Top Ten Things DJs Find the Most Annoying
As a part time DJ, I love my hobby. I find a lot of fun in finding new ways to mix songs together in different fashions, and there's little that's more thrilling and euphoric than a crowd going wild when you bring a killer drop in. But when you're a DJ, you'll have to get used to multiple frustrations from the very start of your career. Drunken requests, idiots who think they can do your job, being sprayed with regurgitated vodka, it goes on. So if you're starting out as a DJ, be sure to look out for these annoyances, and meet them with the appropriate responses: either call security or strangle them with the auxiliary cord they so thoughtfully brought.Honestly, these people slowly but surely drive me insane. I had the exact same conversation with someone over this, over the course of a good few hours. I didn't have the song she wanted, and I still had to explain that entirely simple concept to her something like fifty times.
Another time, there was a girl who literally wouldn't leave my side or stop demanding until her song was on. Believe it or not, these people come up to me a lot. Trying to settle someone of this kind of stupidity is like talking to a bed. Imagine that over the course of six hours.
No matter how skilled you are as a DJ, there are some tracks that simply don't mix together without sounding like a mess. At any one time, the beats have to be running at exactly the same rate, the keys of the two tracks have to be similar, and unless you spin the track out, which doesn't always sound nice, you can't change the track instantaneously.
The majority of people don't know the technicalities and think you can put literally any song on top of another.
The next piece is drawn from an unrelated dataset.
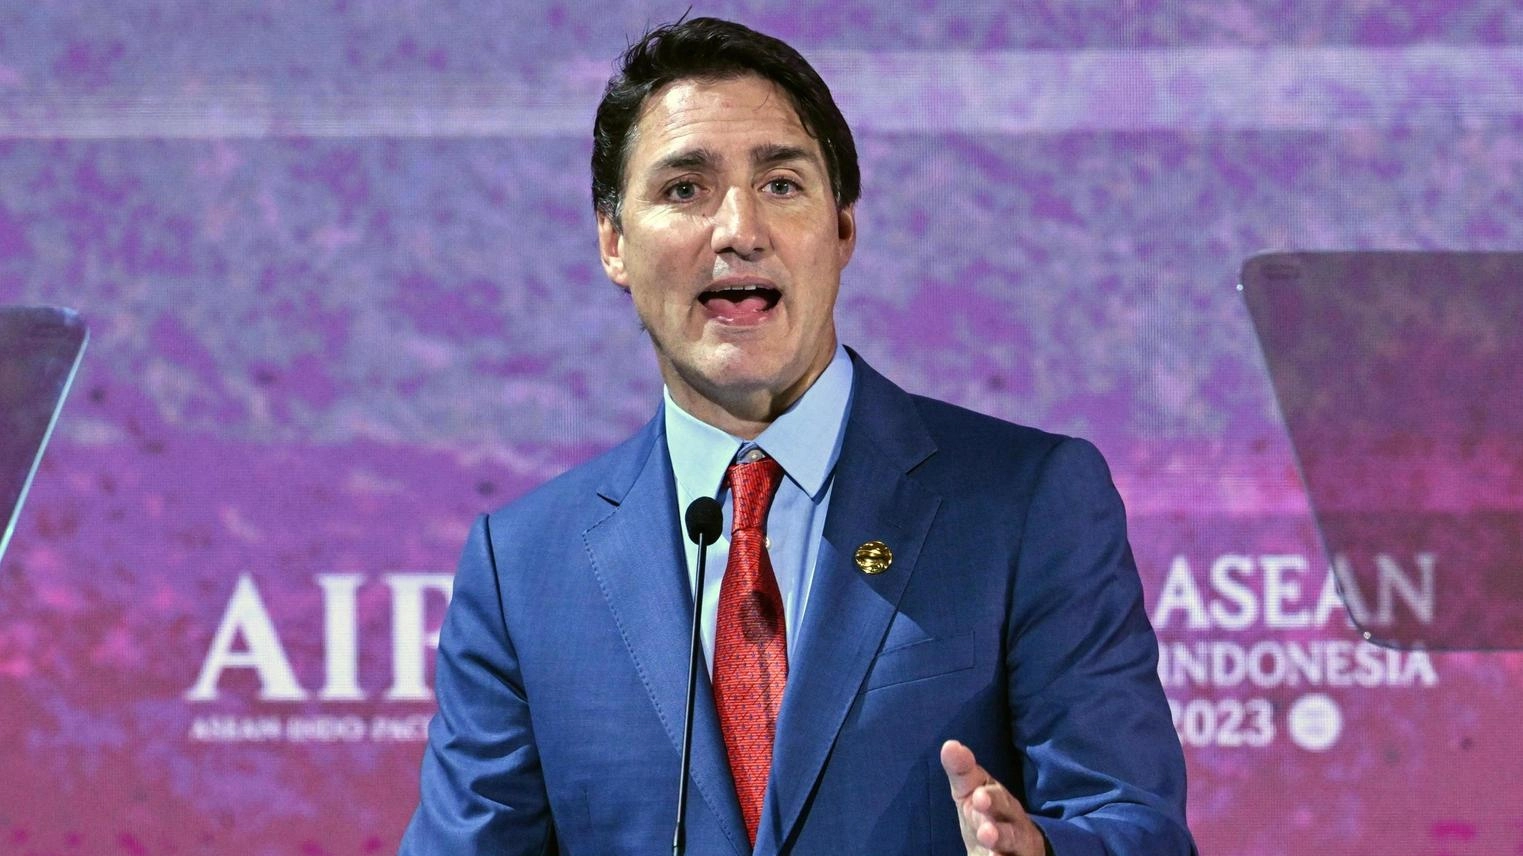 La tensione tra India e Canada esplode dopo l'accusa di Trudeau al premier Modi di essere il mandante dell'omicidio di un leader sikh. Modi risponde con un ultimatum al diplomatico canadese. Lo scontro preoccupa gli equilibri internazionali.

They get impatient and demanding, but the fact is the transition is almost always as short as it needs to be or can be.
What annoys me on top of that is when they declare how much they hate the song that's playing and want you to change it right this second. I'm not going to change the song instantly just because one person in the crowd doesn't like the song, so that idiot can go away for all I care. Literally any DJ will not play every single request they get.
The solid fact is, the DJ won't have every song that's ever existed. But if you don't have a certain song, whether it's a chart-topper or an obscure piece that hasn't been listened to for years, people will go ballistic.
"Are you saying there's NO WAY you can play it?!"
"What kind of DJ are you?!"
Maybe stop treating the DJ like a jukebox, because s/he's got to please more than one person. One song is unlikely to make a difference to the entirety of the event, and sometimes the DJ has to give some of the requests a miss. That's just the way it is. At least try to show some respect.
First of all, DJing requires that the song file that is playing is of high quality, and not just downloaded from YouTube. If I were playing songs off any source, the sound quality would be going from meh to dreadful over the course of the night.
Second, I'm not playing songs just for you, one person out of hundreds that are here, so get your phone out of my face.
Third, bring that auxiliary cord you brought with you for this very purpose anywhere near me and I'll break it. Not joking, I have actually done that to some jerk's auxiliary cord. No DJ I know has ever let someone play a song from their phone. Give it up because it ain't gonna happen.
I think you'll find that your presence has absolutely no effect on the music I play, the support I get from the crowd, or the amount of money I make from this event. Therefore, I don't care if you leave. You don't have to rub that in my face.
DO NOT. CROSS THIS LINE. WITH YOUR ARM.
I can't count the number of times that some moron has come forward, heavily under the influence, and flopped his arm over my mixer. When that happens, either you hear a long and painful vinyl scratch, a sudden disappearance of the essence of the music, or an ear-splitting bang.
It shouldn't take a genius to know that if you put one thing even slightly out of place, you're potentially going to screw up the mix. For everyone.
"This is crap. Play something good." Umm...who are you to decide what's good?
"If you play that, you'll see everyone dancing." What, like they are now?
"What they payin' you for? Anyone can do it!" If you're so sure, try it yourself. Maybe not mid-gig though.
How about you all stop telling me how to do my job, and just enjoy what's playing? If you don't, you can go away, because this gig doesn't bloody revolve around you.
This list brought back memories and made me smile because it is so true. I've got a few friends who are/were DJs and was a longtime party girl myself. I witnessed most of these and can confirm that some people are real jerks, even worse when under the influence.
This one is probably the worst. It happened to my best friend, not on the decks (he was performing live acts) but a full glass of beer on the mixing table. Needless to say, the device didn't like the treatment and crashed. As it was in the context of a rave party for an association that had no insurance, they paid him a bit more than initially planned to compensate a little, but of course not the price of the new one he had to buy.
There is a difference between a mix and karaoke, people. Wake up. Oh, and I'm not letting some random idiot in the crowd make decisions over the music set. There's a DJ for a reason.